Description of the task: Please repeat the data below exactly, with the pictures removed.

─── Recorded information ───

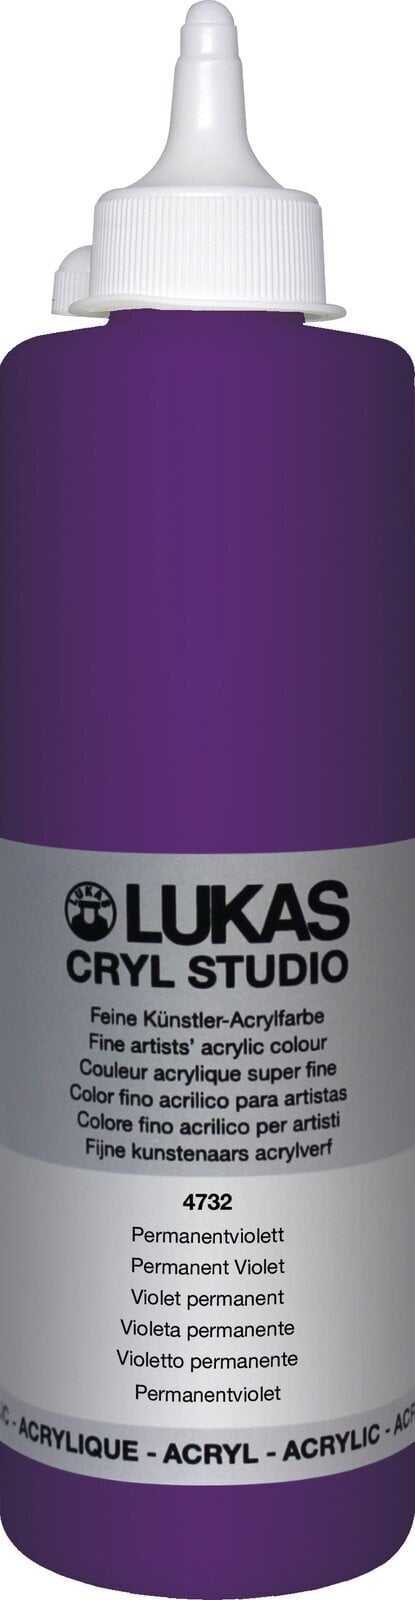 Akrylfärg Lukas Cryl Studio Acrylic Paint Plastic Bottle Akrylfärg Permanent Violet 500 ml 1 st
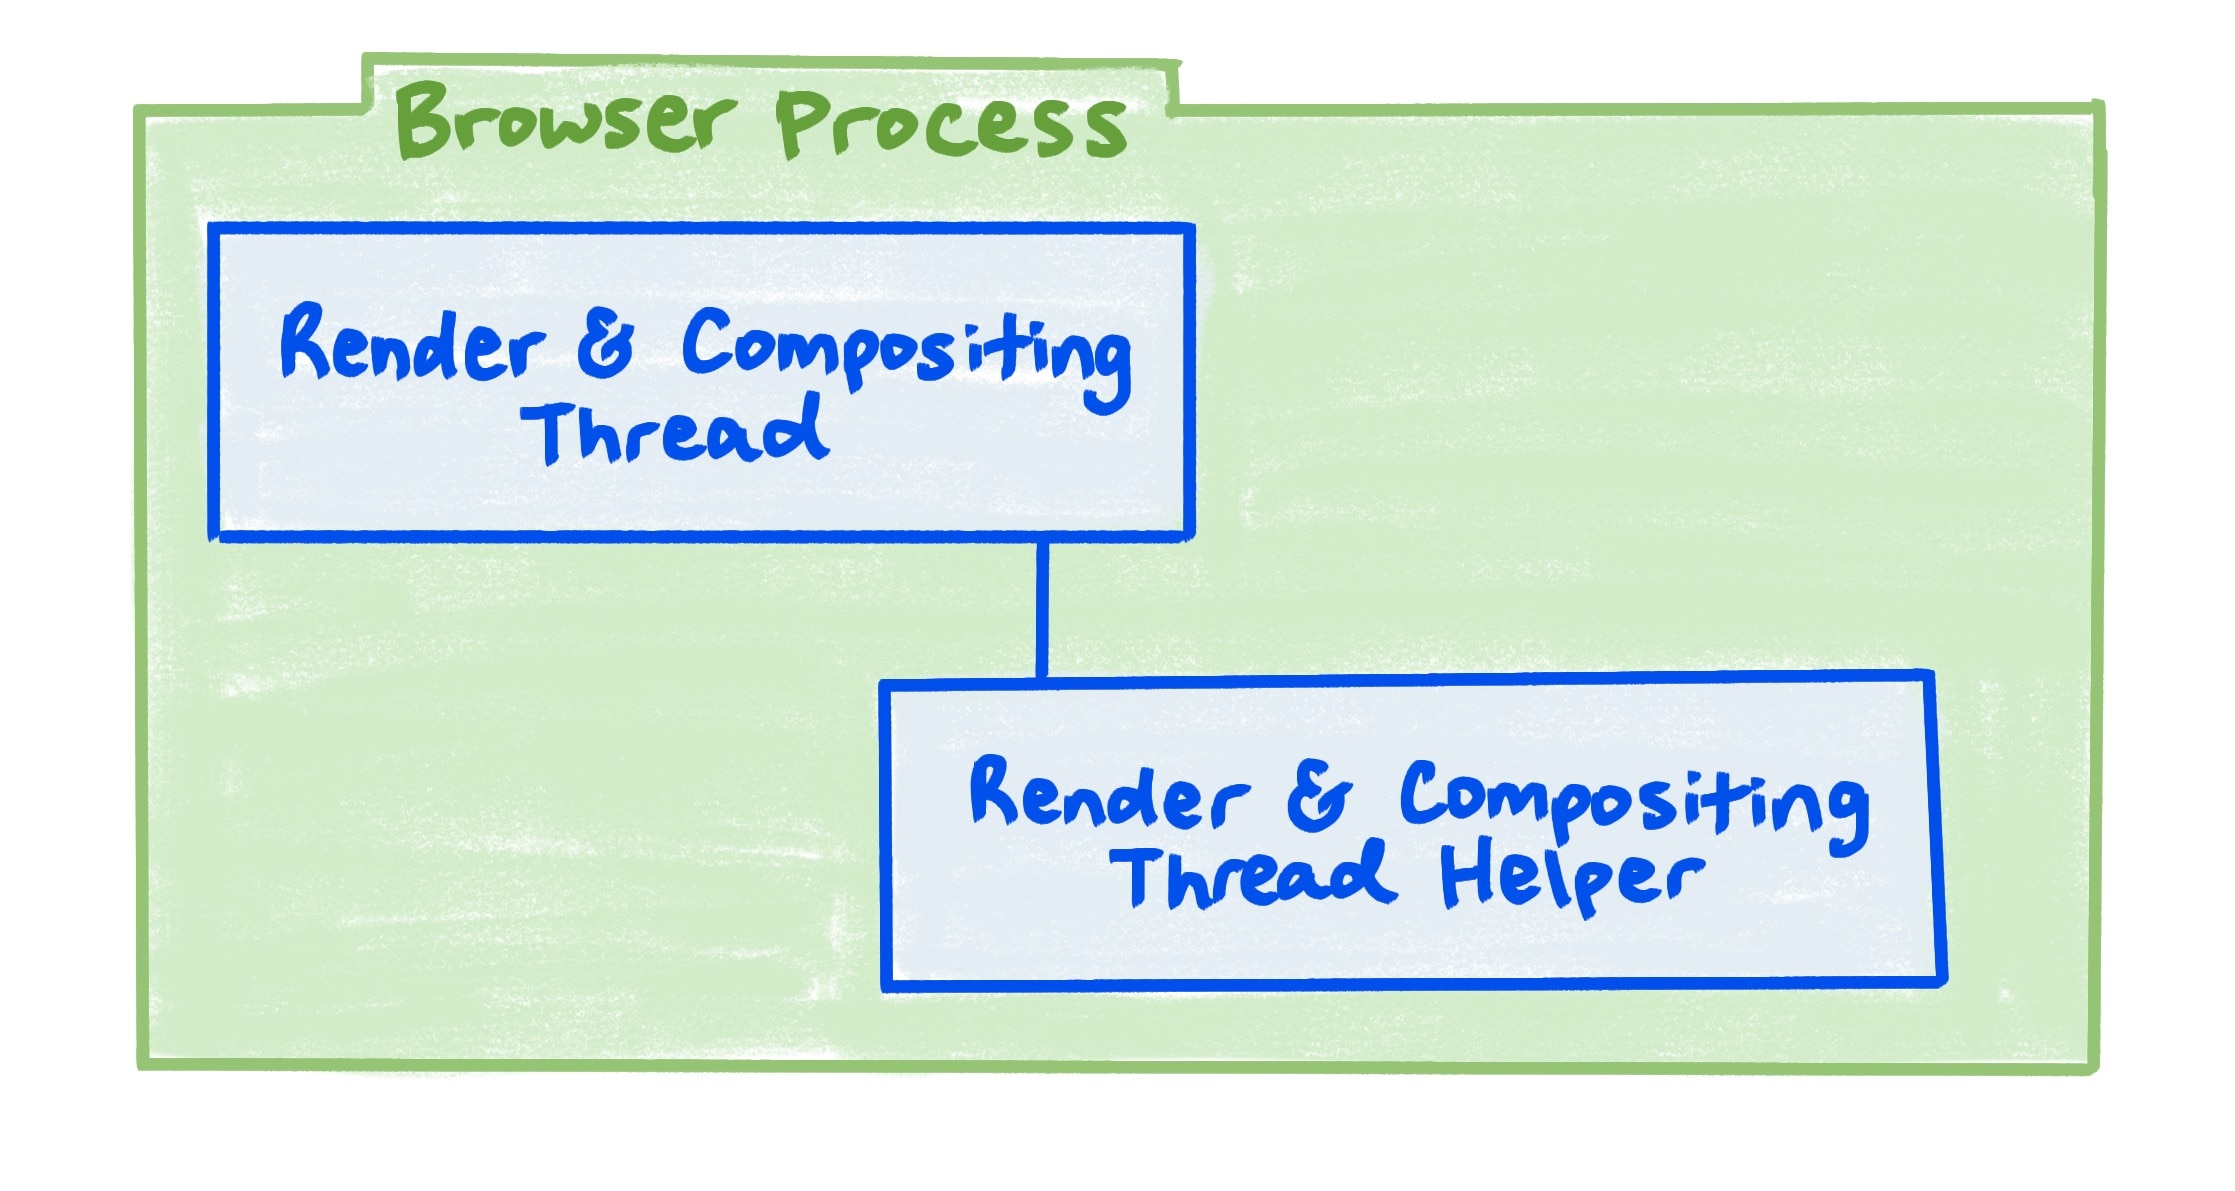 렌더링 스레드와 합성 스레드, 렌더링 및 합성 스레드 도우미 간의 관계를 보여주는 브라우저 프로세스 다이어그램
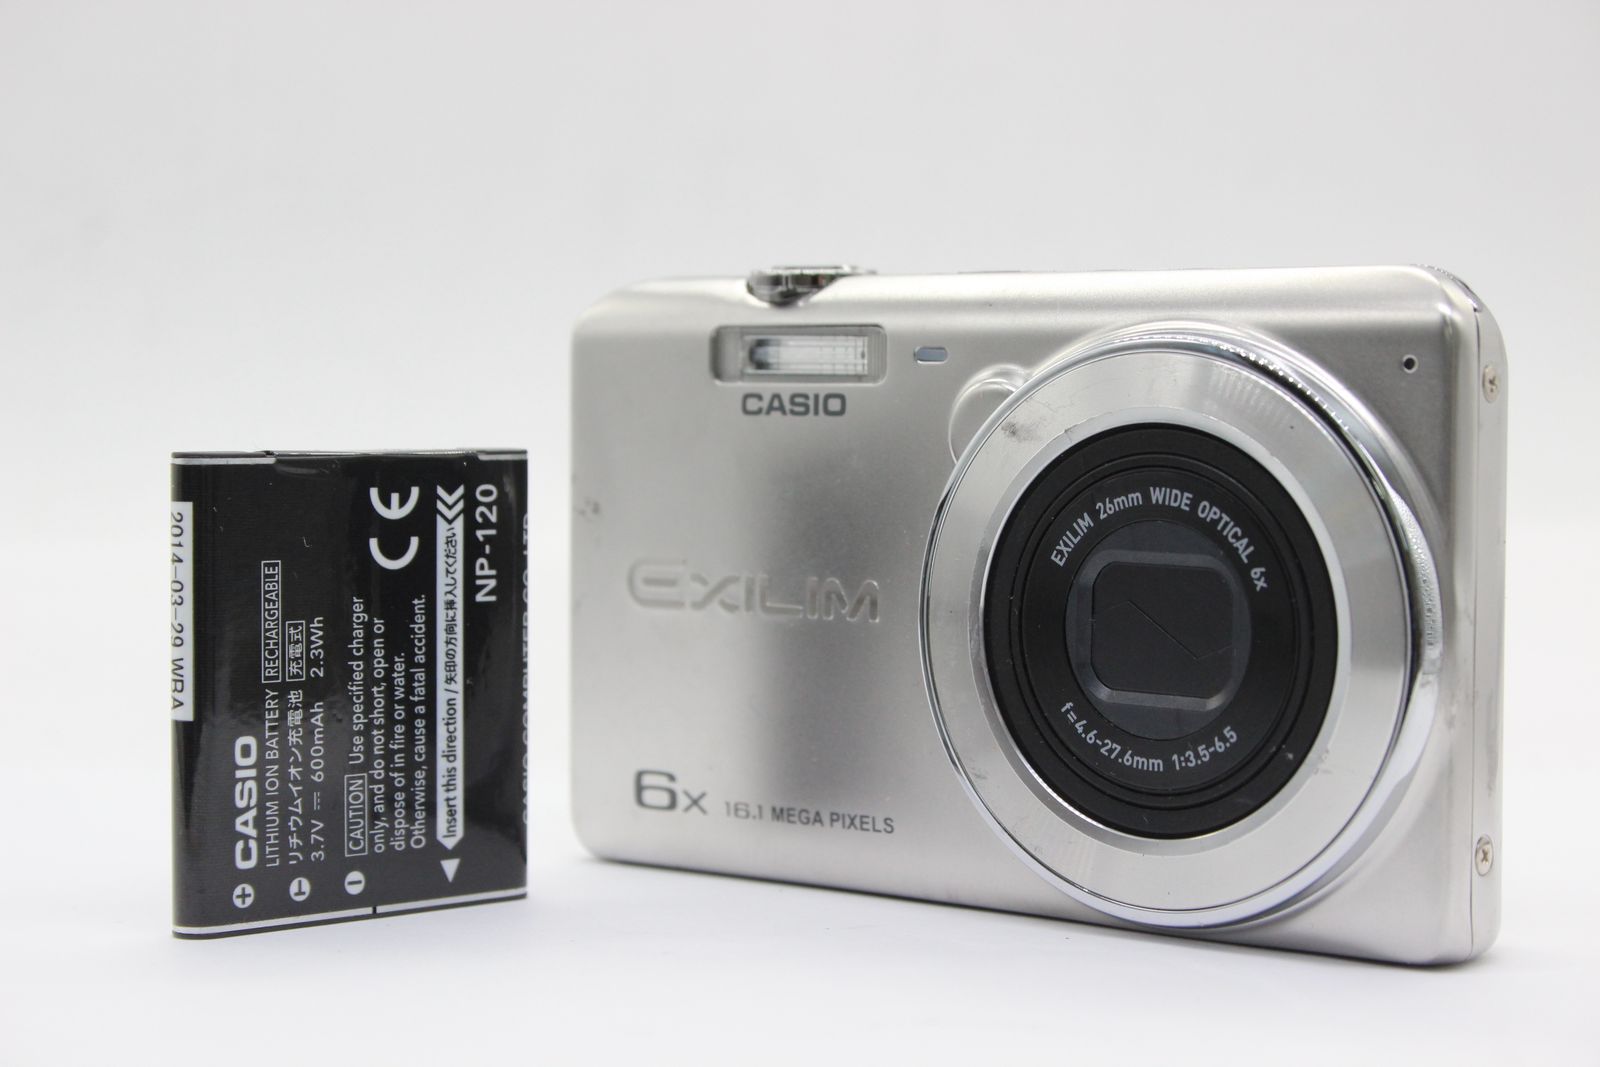 CASIO コンパクトデジカメ EXILIM 6x - デジタルカメラ
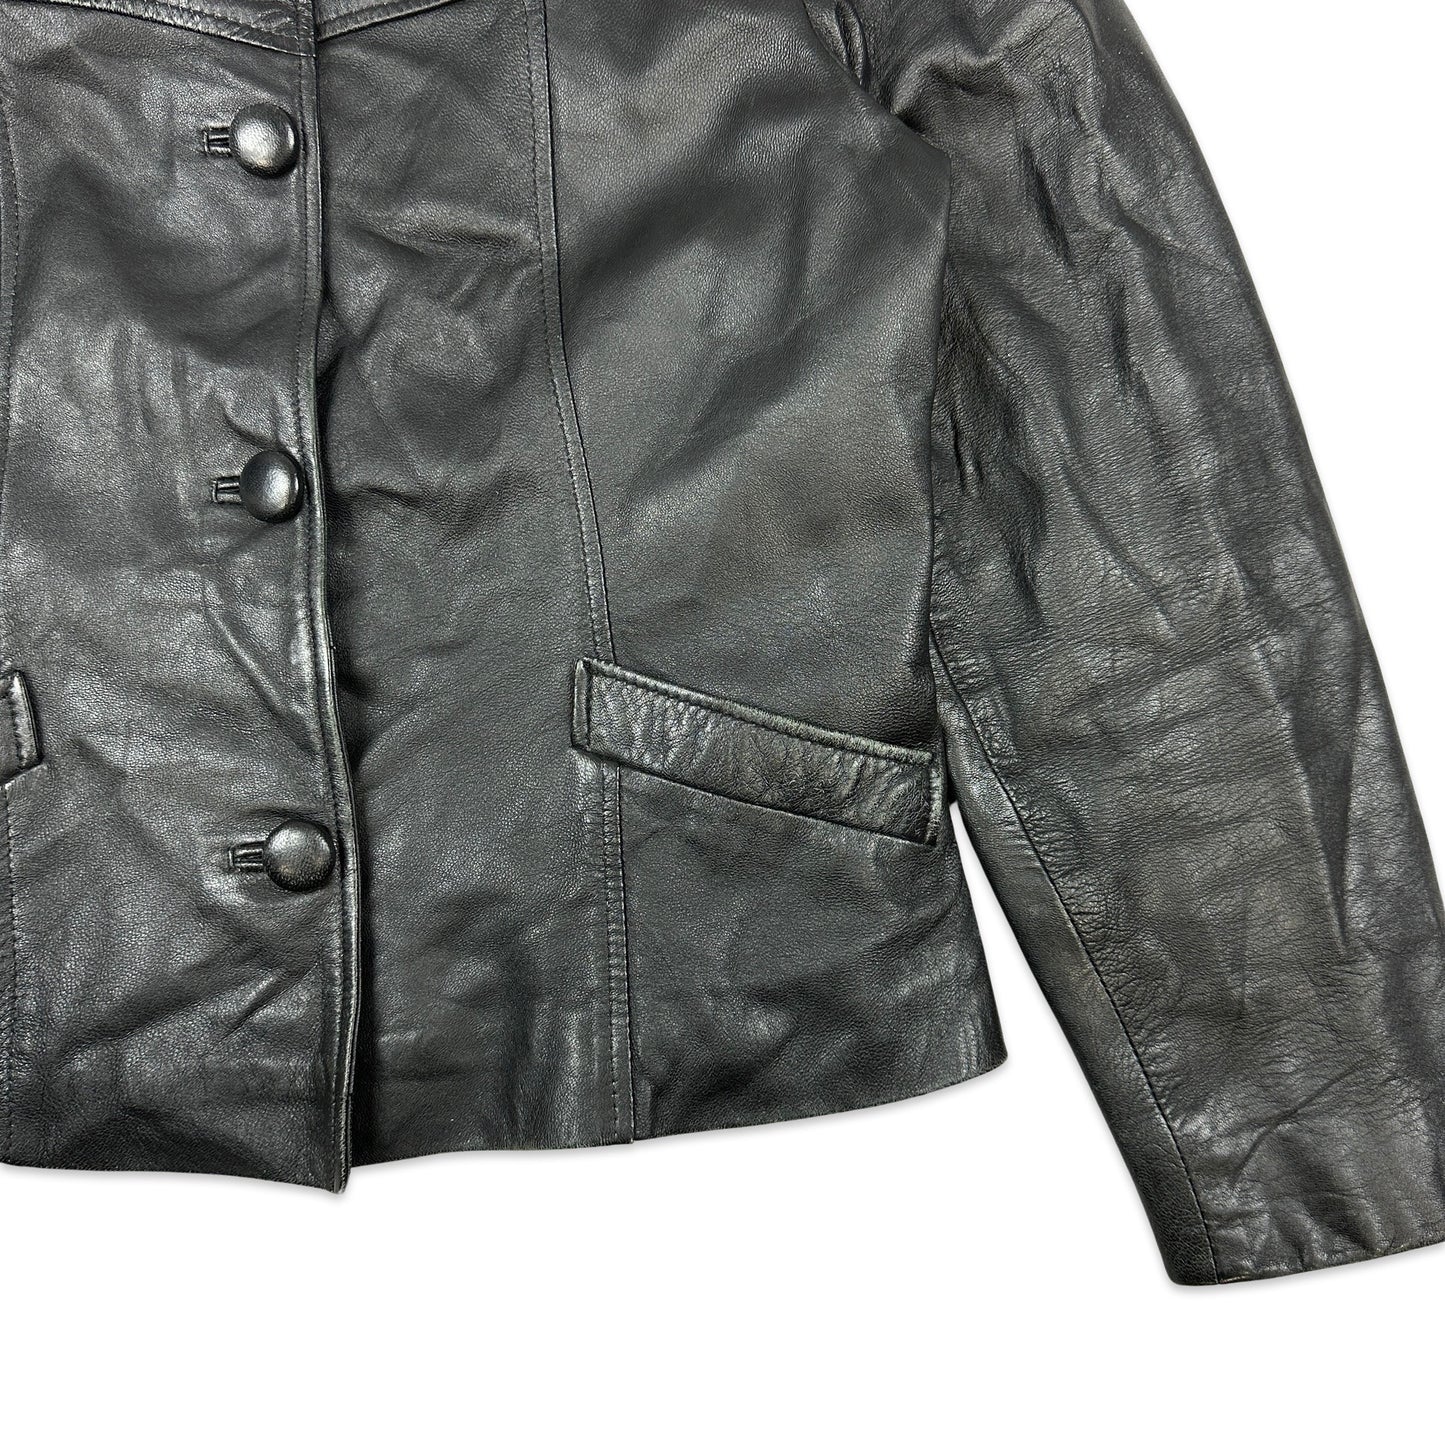 SVintage Black Leather Jacket 12

───

Task answer:
 Akrylfärg Lukas Cryl Studio Acrylic Paint Plastic Bottle Akrylfärg Permanent Violet 500 ml 1 st
 렌더링 스레드와 합성 스레드, 렌더링 및 합성 스레드 도우미 간의 관계를 보여주는 브라우저 프로세스 다이어그램
 CASIO コンパクトデジカメ EXILIM 6x - デジタルカメラ
 SVintage Black Leather Jacket 12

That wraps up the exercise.